"Moi Président de la République, il y aura un code de déontologie pour les ministres".
(le Pingouin, 2012)
Les couillons et les malins par Brice Couturier
France Culture (mercredi 3 avril 2013)
Ecoutez donc : « Mon idée est que les conditions du respect des règles de la vie commune ont été profondément altérées par une situation où les uns, au sommet, ont les moyens de contourner les règles, tandis les autres continuent d’être obligés de s’y soumettre ou n’ont pas les mêmes moyens de s’y soustraire. » Fin de citation.
Cette intuition a reçu, hier, une vérification presque caricaturale. En effet, l’homme qui incarnait, depuis Bercy, les hausses d’impôts, les taxes nouvelles, les malus, les pénalités que, dans son imagination débordante, une administration impitoyable ne cesse de concevoir pour tenter de combler ses propres déficits, ce même homme avait trouvé le moyen quant à lui, de soustraire au fisc une partie importante de ses revenus, en les dissimulant à l’étranger…
S’il est dangereusement problématique de laisser entendre que la loi ne s’applique qu’à ceux qui n’ont pas les moyens de lui échapper, il est plus dévastateur encore pour l’ordre social de constater que ceux qui la conçoivent s’évertuent à ne pas se la voir appliquer. Il n’y a pas de moyen plus redoutable de la délégitimer. L’idéal de la république, c’est que la loi est la même pour tous. Si ceux-là même qui ont pour mission de la faire respecter s’y soustraient dès qu’ils en ont l’occasion, on peut y voir la preuve qu’elle n’est pas légitime.

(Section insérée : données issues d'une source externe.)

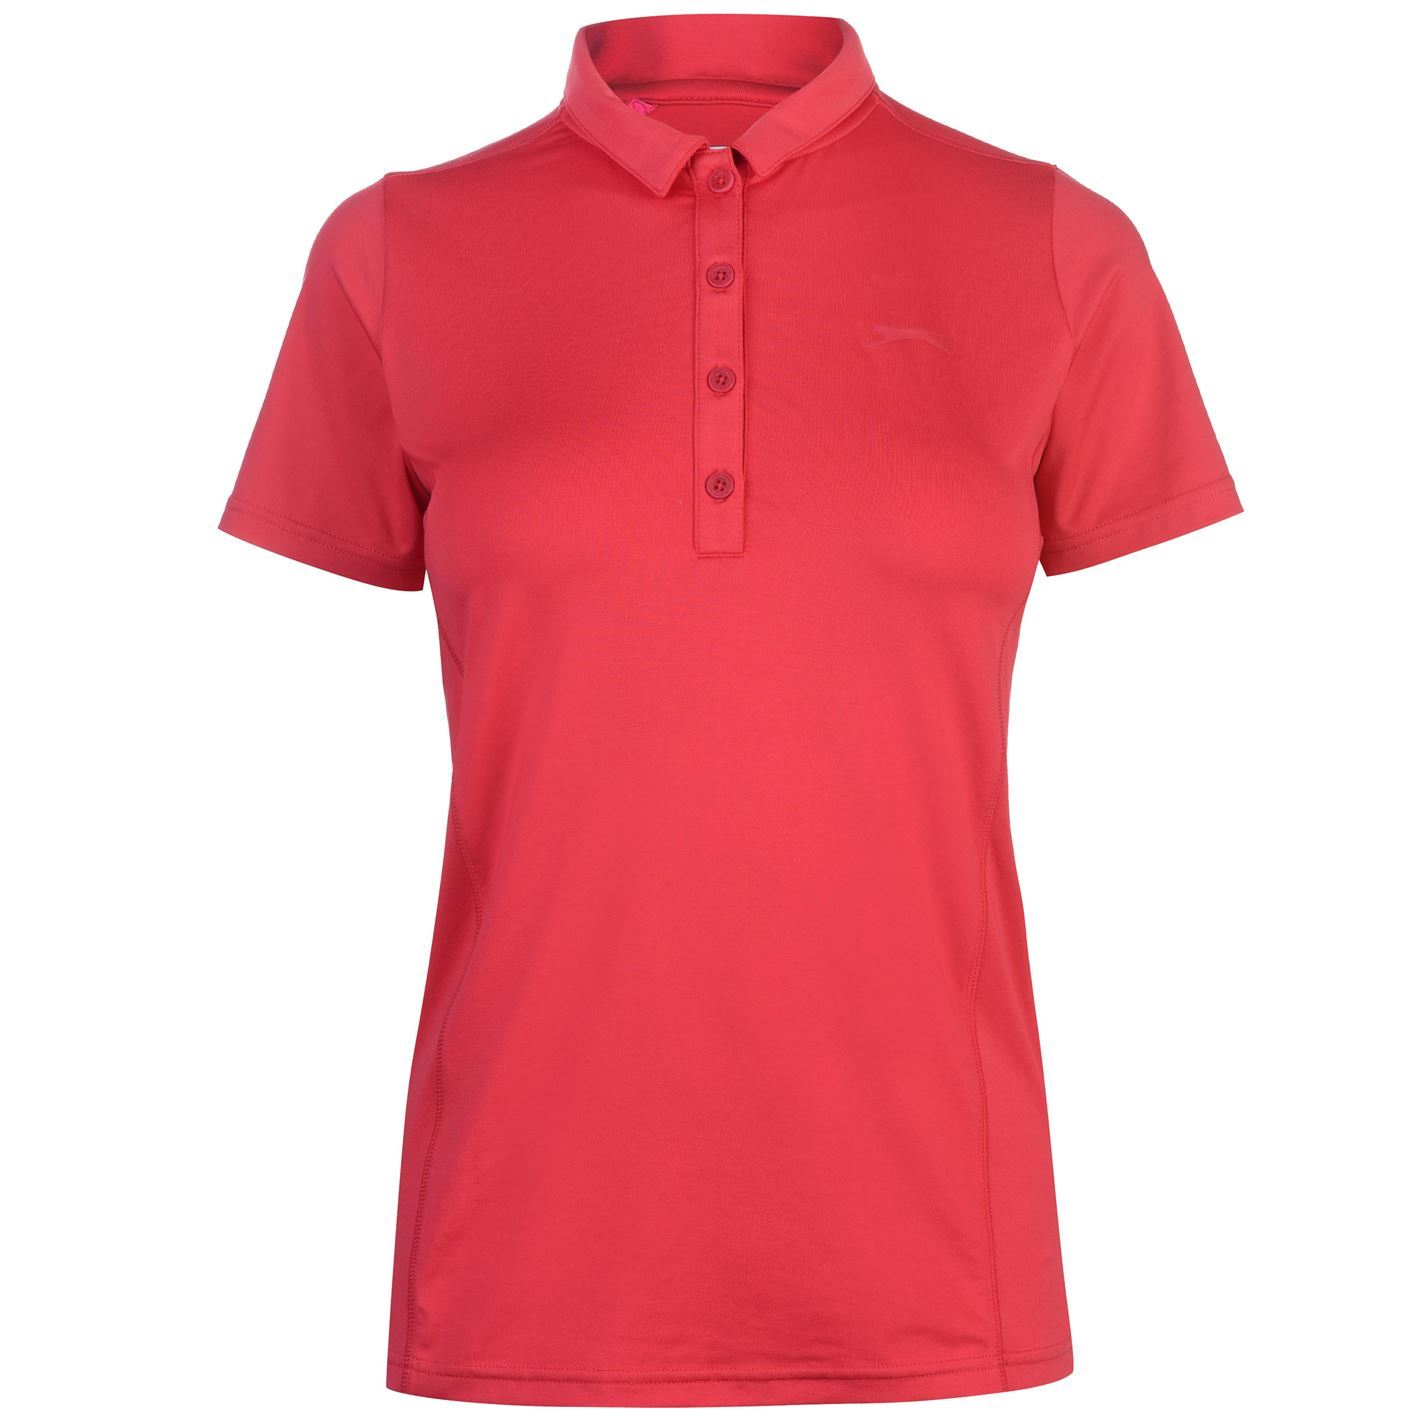 Slazenger-Plain-Golf-Polo-Shirt-Womens-T-Shirt-Top-Tee-Activewear miniature 9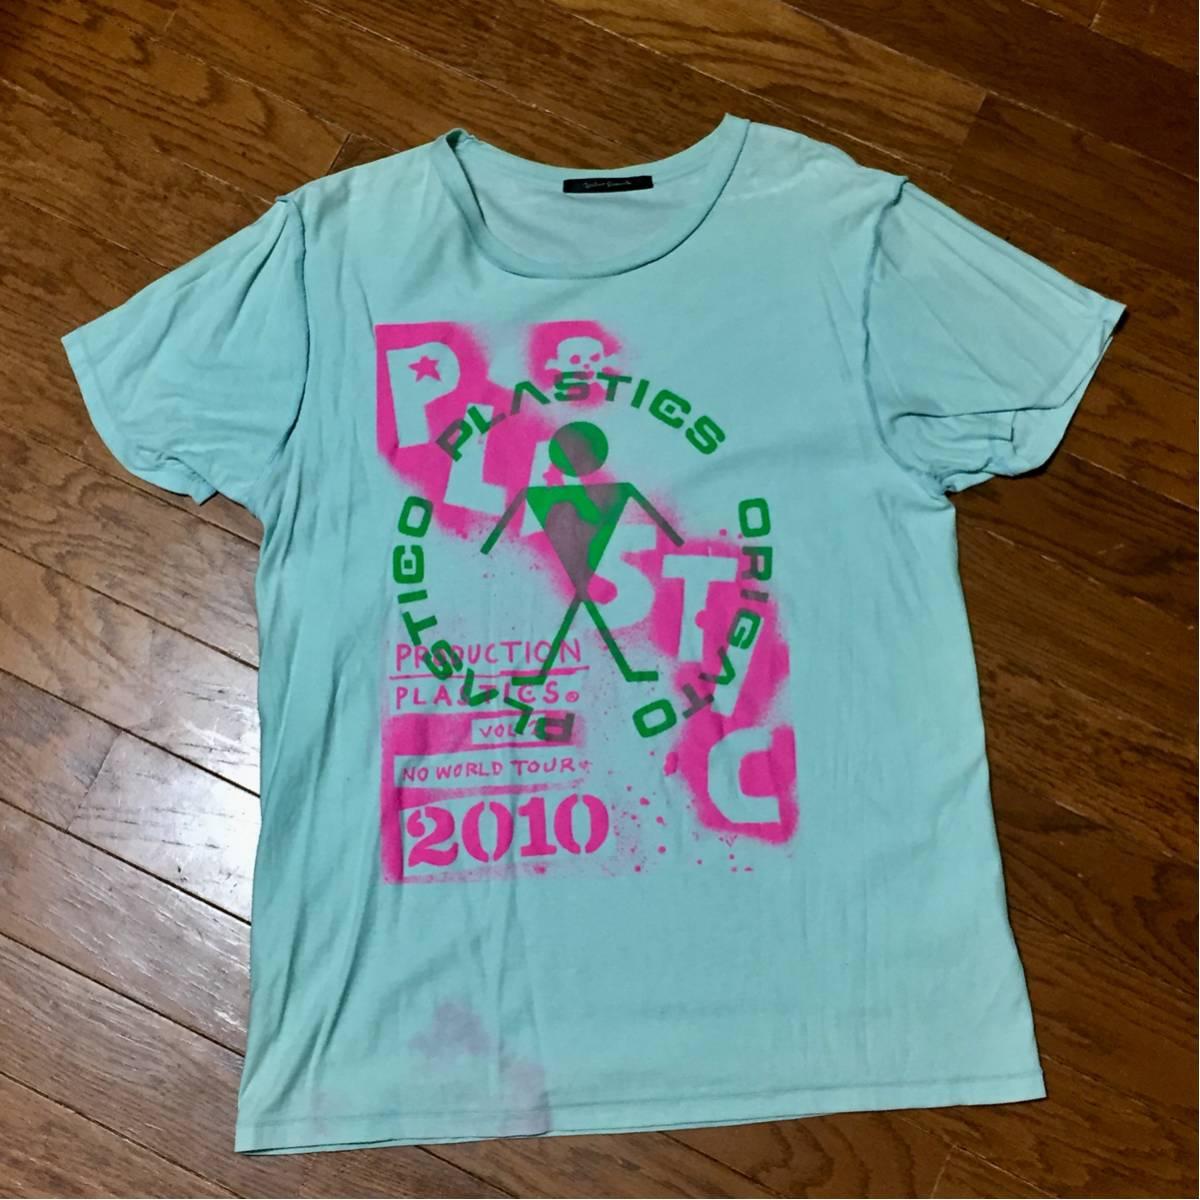 【貴重】PLASTICS x URBAN RESEARCH コラボ Tシャツ プラスチックス 中西俊夫 立花ハジメ 2010年

Comme le dit encore Marcel Gauchet : « un dilemme travaille confusément l’esprit de tout un chacun : faites-vous partie des couillons qui continuent bêtement de respecter les règles, ou êtes-vous du côté des malins, qui ont compris le nouveau système, et qui savent que les règles ne sont là que pour être tournées ? »
Ce « nouveau système », Marcel Gauchet y voit la conséquence de deux phénomènes historiques : d’abord, la globalisation, qui a été pensée pour « réformer les sociétés trop rigides et trop compliquées » qu’étaient les vieux Etats-nations. En les mettant en concurrence entre eux, « en créant des mécanismes de contournement » des lois nationales, en les ouvrant de force sur l’extérieur, on a cherché à les mettre à la page, à les décoincer. Ce courant de libéralisation a rencontré le courant libertaire issu de la contre-culture des années 60, qui prônait la transgression des règles communes : « il est interdit d’interdire ».
Du coup, les vieilles normes, conçues dans le cadre territorial des Etats, paraissent ne devoir s’appliquer qu’à ceux qui n’ont pas les moyens de leur échapper. Et les violer apparaît comme un signe de supériorité intellectuelle. Pensez à la vogue de l’adjectif « malin »…
De plus en plus, c’est notre capacité de mobilité qui détermine notre envergure sociale : tout en bas, les centaines de millions de personnes qui ne peuvent s’éloigner du point d’eau grâce auxquelles elles survivent. Tout en haut, la minorité des très riches et des très informés, qui bénéficient des ressources innombrables qu’offre l’hyper-espace d’une planète mondialisée pour échapper au sort commun. Entre les deux, les citoyens assignés à résidence des Etats-nations, qui paient pour les folies des banques, en rongeant leur frein…. Ils voient certains, parmi les puissants, faire fi de la « common decency » prônée par Orwell, qui servit longtemps de morale minimale dans nos démocraties bourgeoises. Il ne faudrait pas que l’impression, qui prévaut en Europe, que les dirigeants élus sont incapables de nous guider hors de la crise, se double du pressentiment d’un naufrage inévitable. Or, c’est ce qu’on est tenté de déduire du comportement de sauve-qui-peut individuel de certains."